Отозвались, что все, про Машу забыли, наверно, привыкли за неделю к ее отсутствию. А она стояла около молочной, здесь и созрело решение: больше матери не будет мешать, ныне переночует в молочной, а завтра квартиру себе подыщет. Ее заметил Матвей Аленин.
— Кто тут? — А узнав, спросил: — Ты что осталась, коровы у тебя все давным-давно поотелились.
— Осталась вот! — с досадой, что ей помешали, сказала Маша. — Вы сгубили Чайку, в кирпичный сарай запустили, теперь ее зарезали, — всхлипнула. — Уйди, дядя Матвей!
Подоспел Костя.
— Маша, пойдем к нам, у нас дом просторный, маме одной скучно, она говорит: как в пустыне.
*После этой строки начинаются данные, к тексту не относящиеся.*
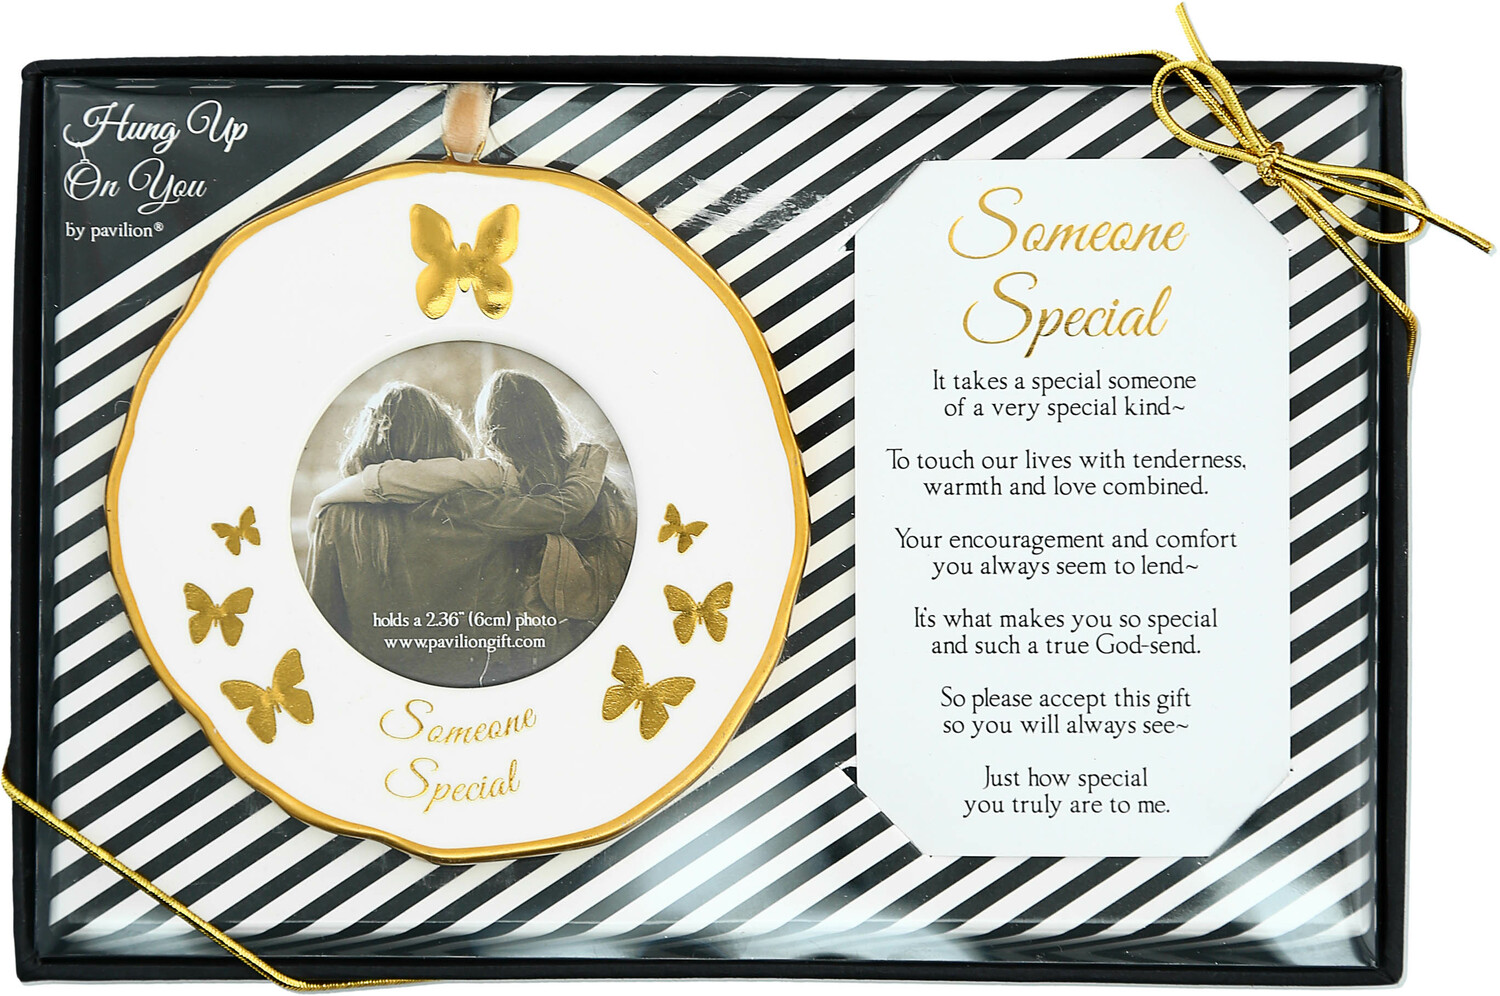 Someone Special  by Hung Up on You - Someone Special  - 4" Photo Frame Ornament
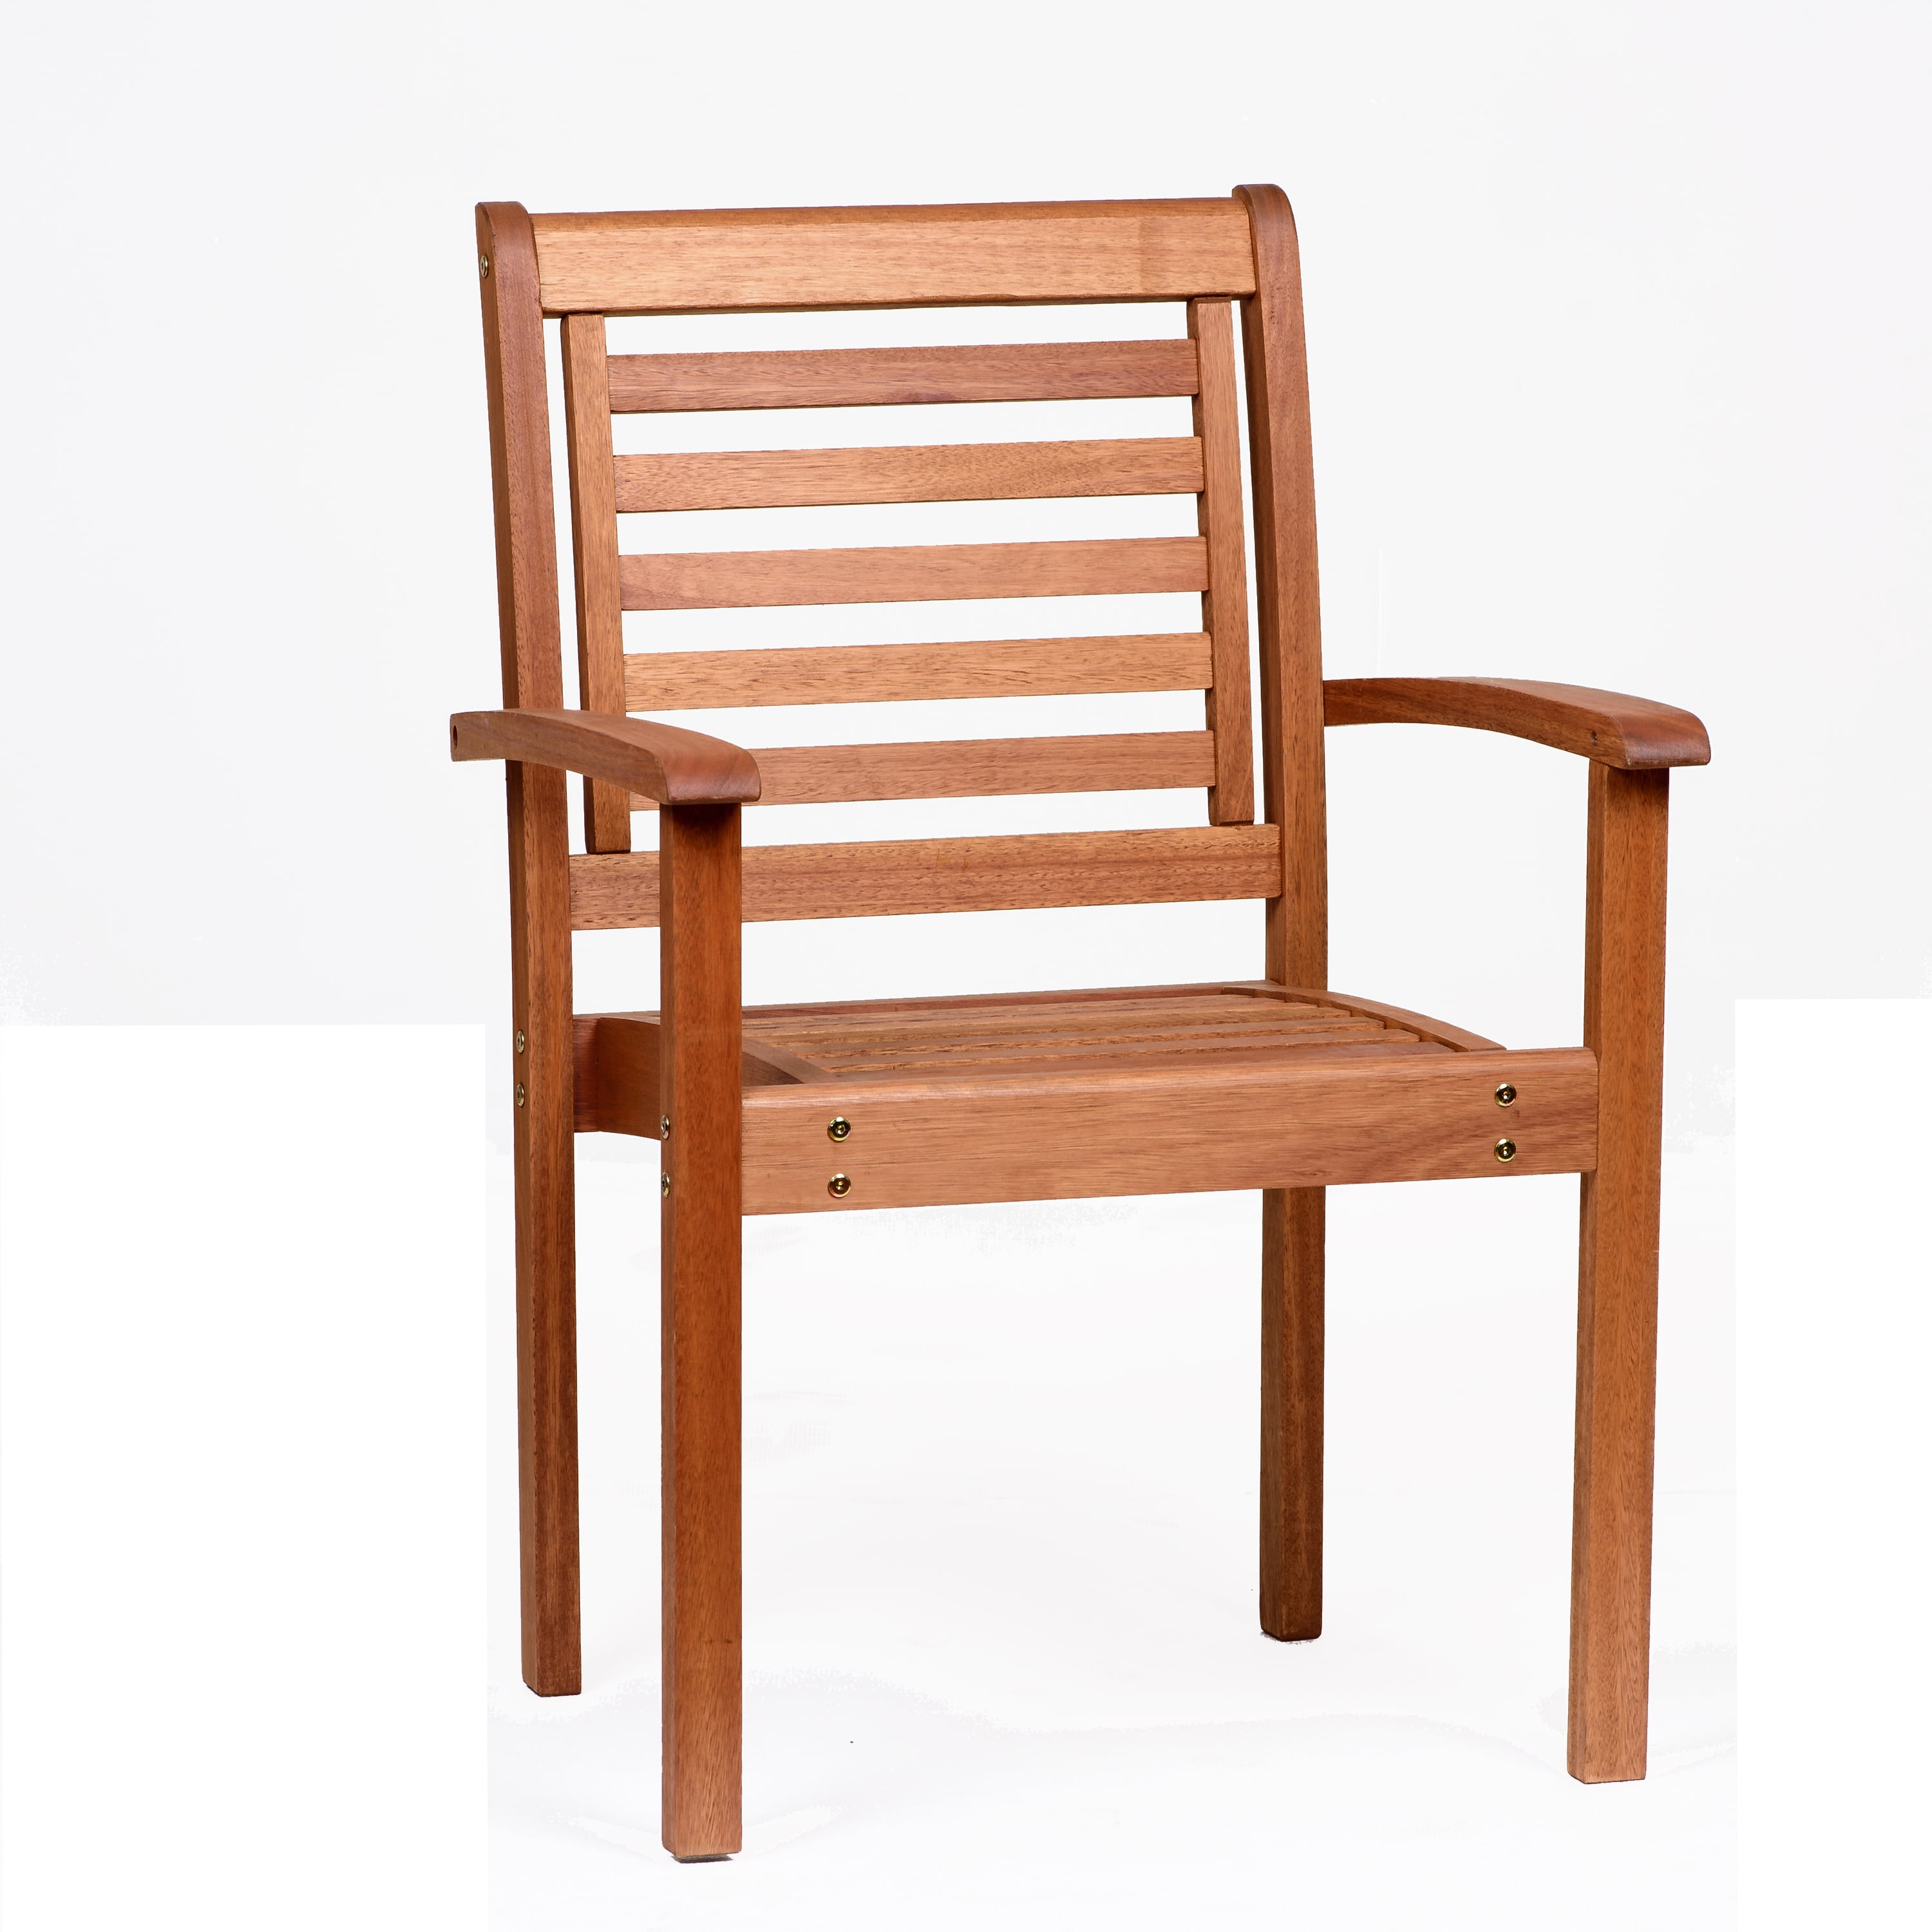 Amazonia Milano Stackable Chair Eucalyptus Wood Ideal For

Шли в Малиновку. Было темно и тихо, лишь слышались шорох ног да шепоток Кости. Костя утешал Машу, уверяя, что Чайку нельзя было вылечить никакими лекарствами, у нее могло быть заражение крови. Не плакать надо, а радоваться: ветеринарный фельдшер Масягин говорил Косте чуть ли не по секрету, что в Малиновке будет большая стройка, комплексом называется, осенью телок завезут симментальской породы, а не чистопородный скот постепенно выбракуют. Через три года ферму будет не узнать. Он, Костя, из техникума вернется; Андрей Егорыч сказал, что колхоз ему стипендию станет платить. И напрасно мать Маши никому не верит, он, Костя, заикнулся было ей, она сказала: «Брось, Милка, трепаться, сам ты отсюда сбежишь, выучишься и сбежишь».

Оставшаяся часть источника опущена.